В «Шагреневой коже» эта цепочка представлена с искренностью и прямотой почти первобытной. В какой-то момент кусок ослиной кожи (осел – традиционно витальное, возрождающее животное) перенимает на себя ответственность за жизнь Рафаэля. Герой раздваивается не условно, а буквально. Его витальная семантика расщепляется. Каждое желание Рафаэля отражается на размерах талисмана; в свою очередь, каждое сокращение куска шагрени влияет на самого Рафаэля, заставляя его делать или не делать те или иные вещи. Буквальный характер этой связи поддержан вполне мифологическим по своему смыслу набором испытаний, которым подвергается кусок шагрени. Это очень показательное место, иллюстрирующее мысль, высказанную чуть ранее: если в мифе опасность угрожала герою, то здесь агрессия направлена против его иноформы. Если в мифе, спасая свою жизнь, герой менял облики, то здесь право на трансформацию передается предмету-заместителю. У Бальзака талисман не изменяется: его ответ агрессору – это стойкость и сила. Однако мифологические законы дают себя знать и тут. Шагреневая кожа остается одной и той же, когда ее пытаются разрезать на части в лаборатории, зато меняются средства, с помощью которых ее пытались уничтожить: в ход поочередно идут стальное лезвие, электрический ток, кислота, поташ, гидравлический пресс. Баланс жизни и смерти, изменения и постоянства остается прежним; перераспределяются лишь его члены.

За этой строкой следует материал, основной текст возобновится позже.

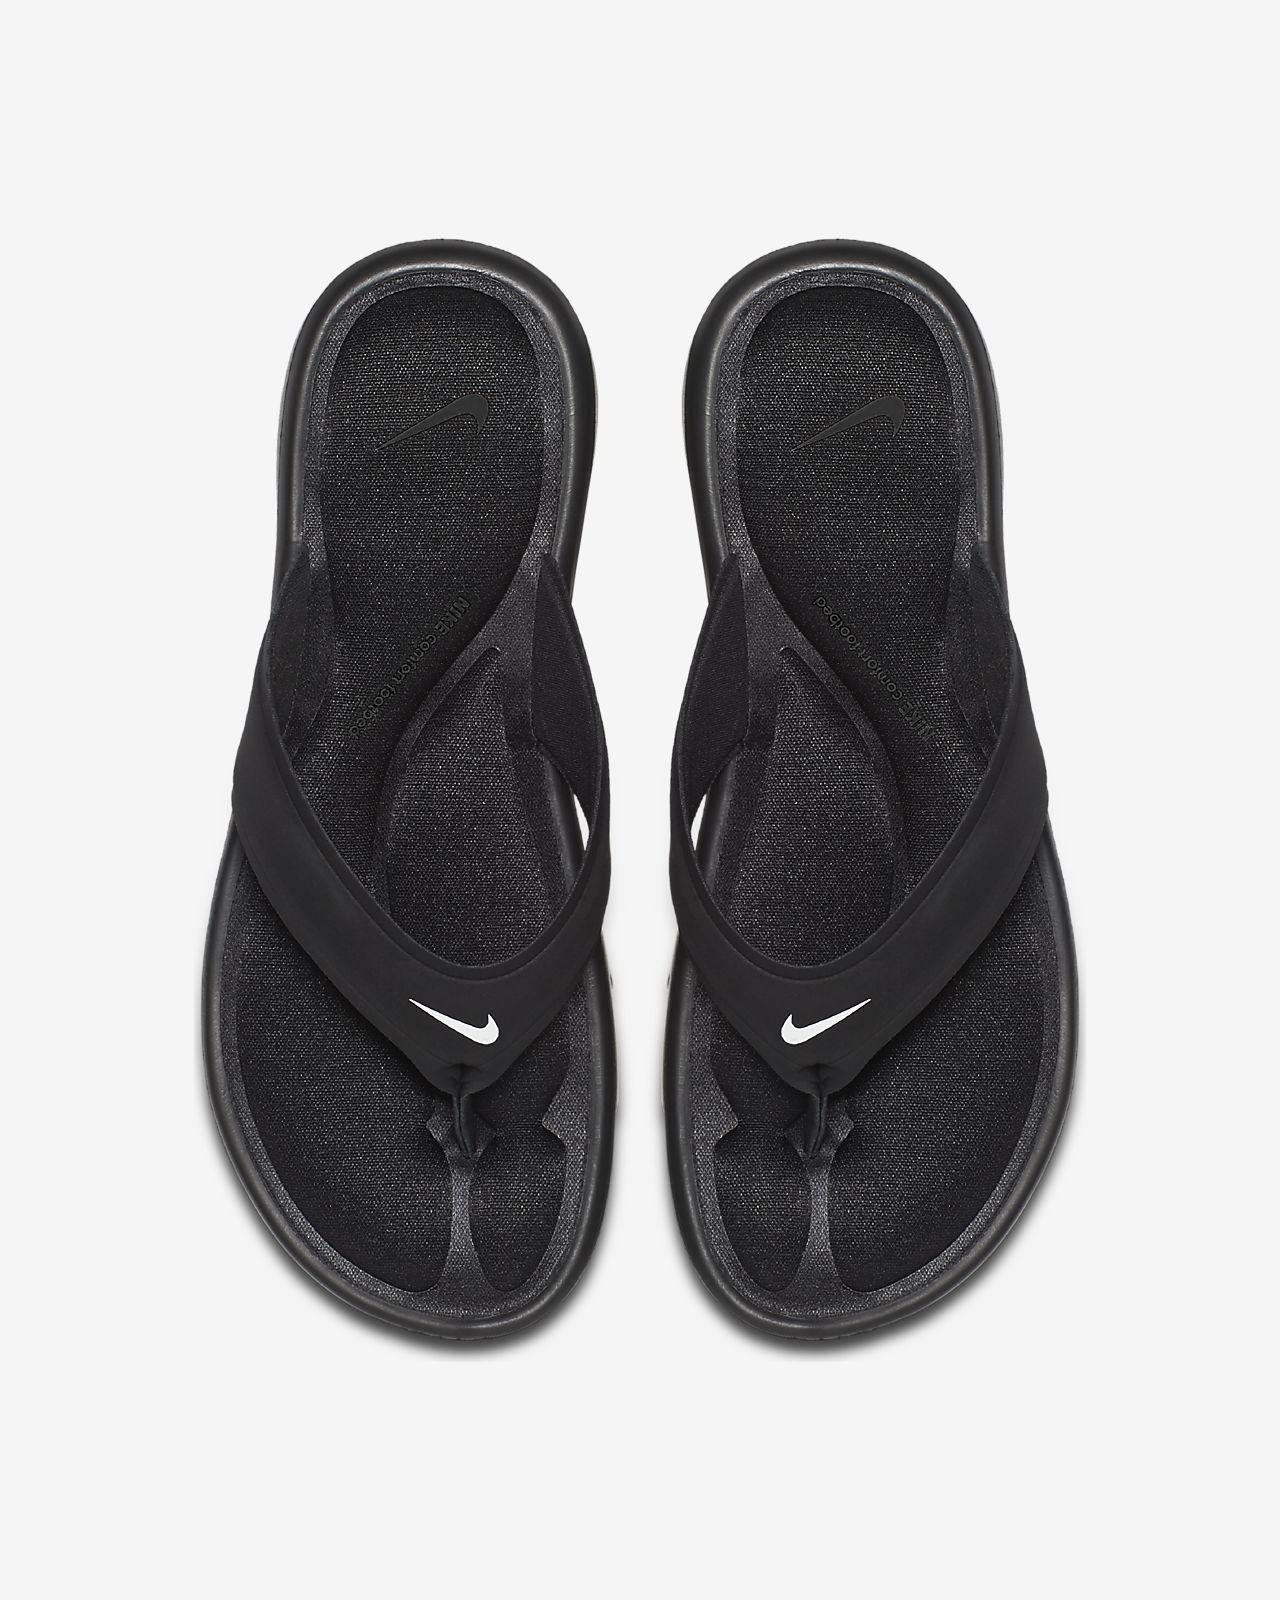 1e69330235e6 ... sandals 882697 001 black 514f5 039fb  best price nike ultra comfort  womens flip flop 6b43b d4005

Нечто похожее можно увидеть в «Портрете Дориана Грея» О. Уайльда. Тут тоже все буквально: витальный смысл передается портрету, который с этого момента становится онтологическим двойником героя. От поведения Дориана, от характера его желаний зависит «самочувствие» портрета: человек и картина идут в паре, все время влияя друг на друга. Дориан остается точно таким, каким был в момент написания портрета, портрет постоянно изменяется, и когда диспропорция становится слишком заметной, баланс восстанавливается: Дориан ударяет портрет ножом. «Убивая» его, он убивает себя, в итоге все возвращается на свои места – Дориан превращается в старика, а портрет молодеет. В русской литературе выразительный пример подобного рода дает «Портрет» Н. Гоголя, где герой и его портрет оказываются изоморфны друг другу по степени своей реальности или жизненности: первый – не до конца умер, второй – не до конца ожил. Это напряженное «уравнение» держится до тех пор, пока в него не вмешивается третье лицо – художник Чартков. Став хозяином портрета, он начинает оттягивать часть витального смысла на себя; исходное равновесие нарушается, начинается перераспределение семантики, и в итоге для подведения окончательного баланса Гоголю приходится прибегнуть к нестандартному решению. Художник погибает, портрет исчезает, а роль «добавочных» иноформ выполняют портреты, которые художник покупал, а затем разрывал на части: лишившись таланта, он стал убивать чужие талантливо написанные работы, т. е. убивать жившие в них «жизни».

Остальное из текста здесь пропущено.